The STATUS register, shown in Figure, contains the arithmetic status of the ALU, the RESET status and the bank select bits for data memory. Since the selection of the Data Memory banks is controlled by this register, it is required to be present in every bank. Also, this register is in the same relative position (offset) in each bank

The STATUS register can be the destination for any instruction, as with any other register. If the STATUS register is the destination for an instruction that affects the Z, DC or C bits, then the write to these three bits is disabled. These bits are set or cleared according to the device logic. Furthermore, the TO and PD bits are not writable. Therefore, the result of an instruction with the STATUS register as destination may be different than intended.
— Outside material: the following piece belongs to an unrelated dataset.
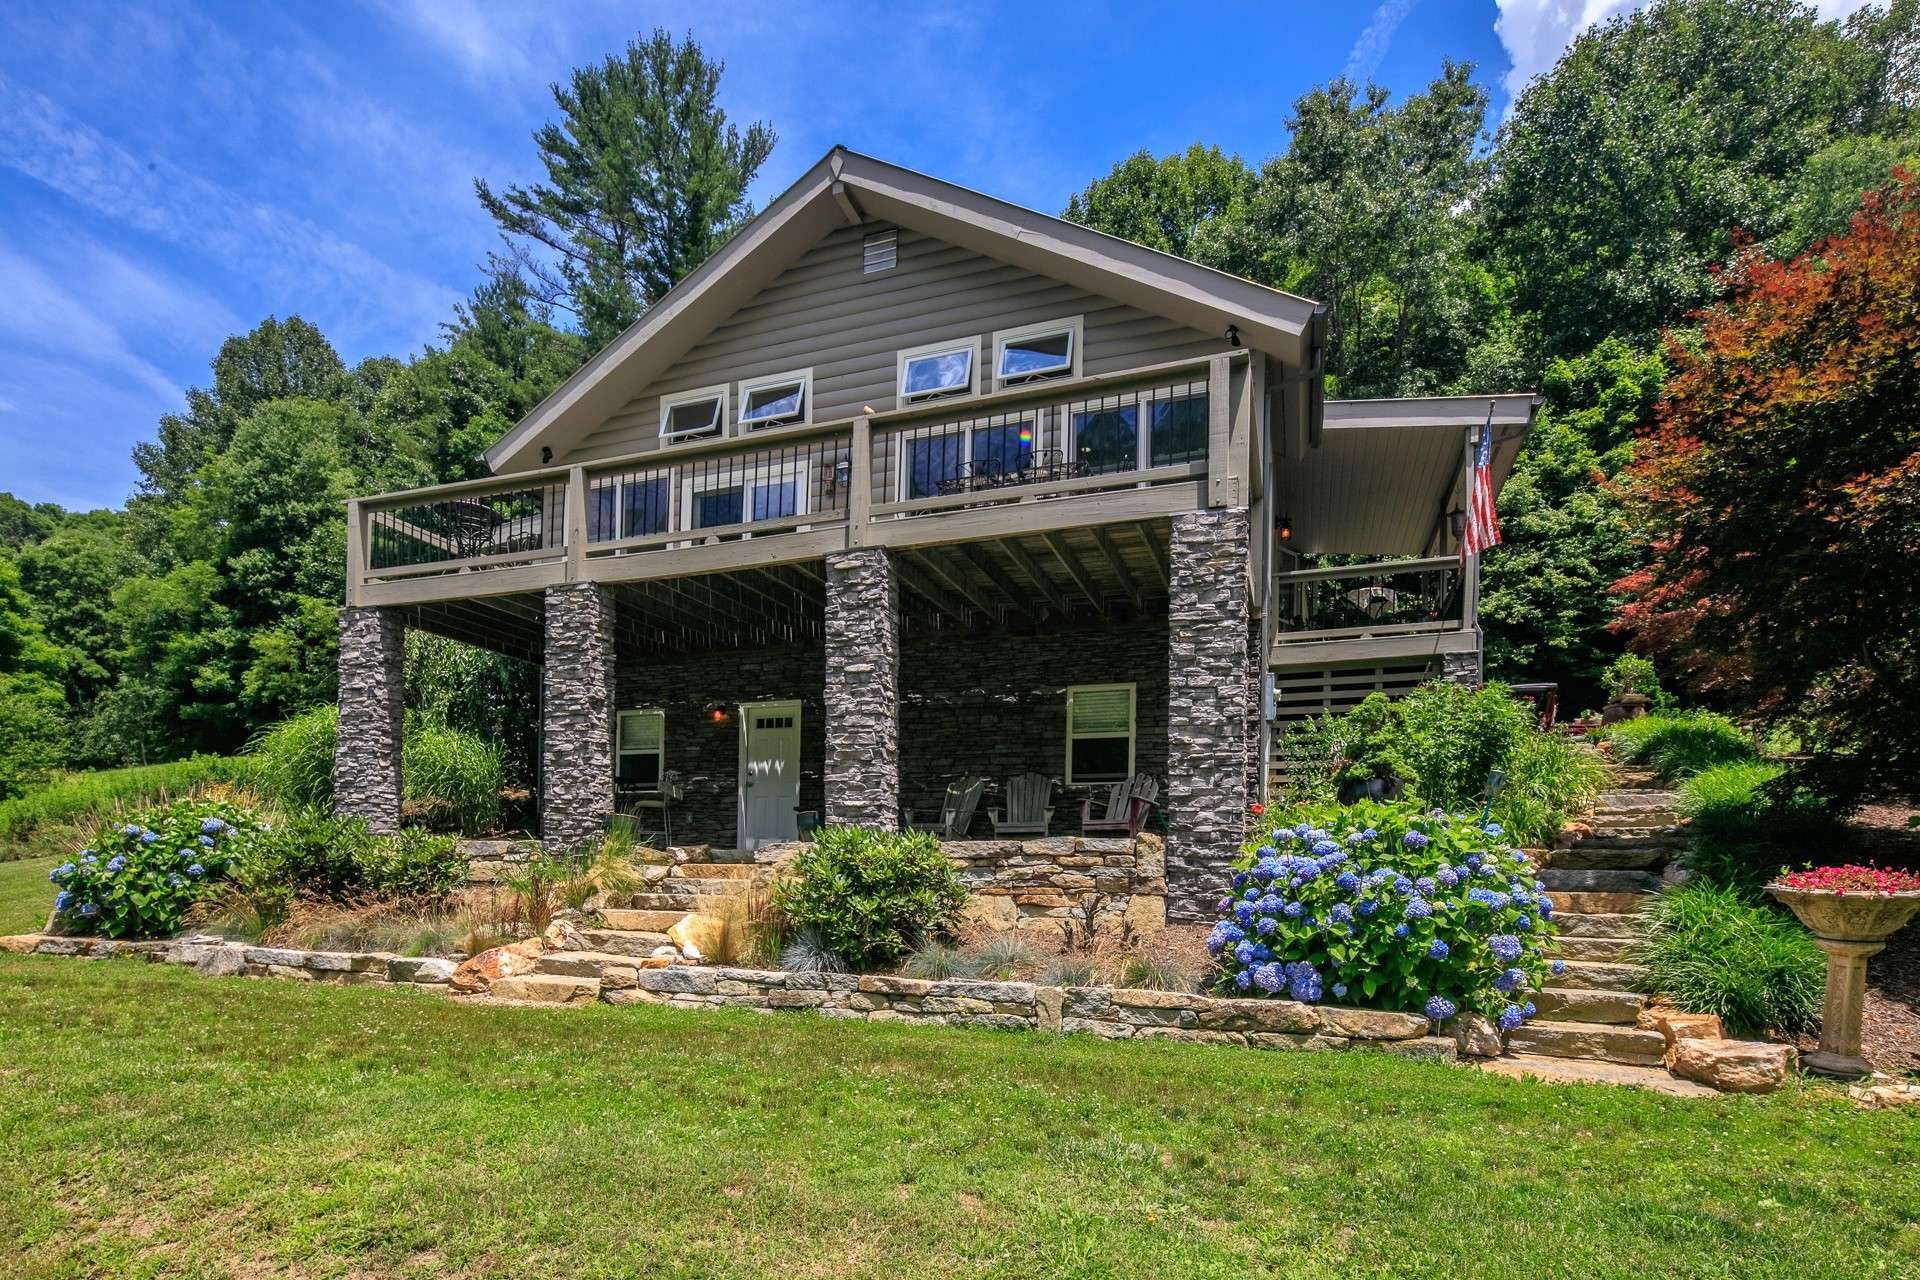 Offered at $465,000, this elegant mountain home with rustic accents and gorgeous 19 acre setting is ideal for your NC Mountain estate or weekend getaway.  Call today for additional information on listing R188.

For example, CLRF STATUS will clear the upper-three bits and set the Z bit. This leaves the STATUS register as 000u u1uu (where u = unchanged).

It is recommended, therefore, that only BCF, BSF, SWAPF and MOVWF instructions are used to alter the STATUS register because these instructions do not affect the Z, C or DC bits from the STATUS register. For other instructions, not affecting any status bits, see Table.

Note 1:

Some devices do not require the IRP and RP1 (STATUS<7:6>) bits. These bits are not used by the Section 5. CPU and ALU and should be maintained clear. Use of these bits as general purpose R/W bits is NOT recommended, since this may affect upward code compatibility with future products.

Note 2:

The C and DC bits operate as a borrow and digit borrow bit, respectively, in subtraction.

STATUS Register

Bit 7 IRP: Register Bank Select bit (used for indirect addressing)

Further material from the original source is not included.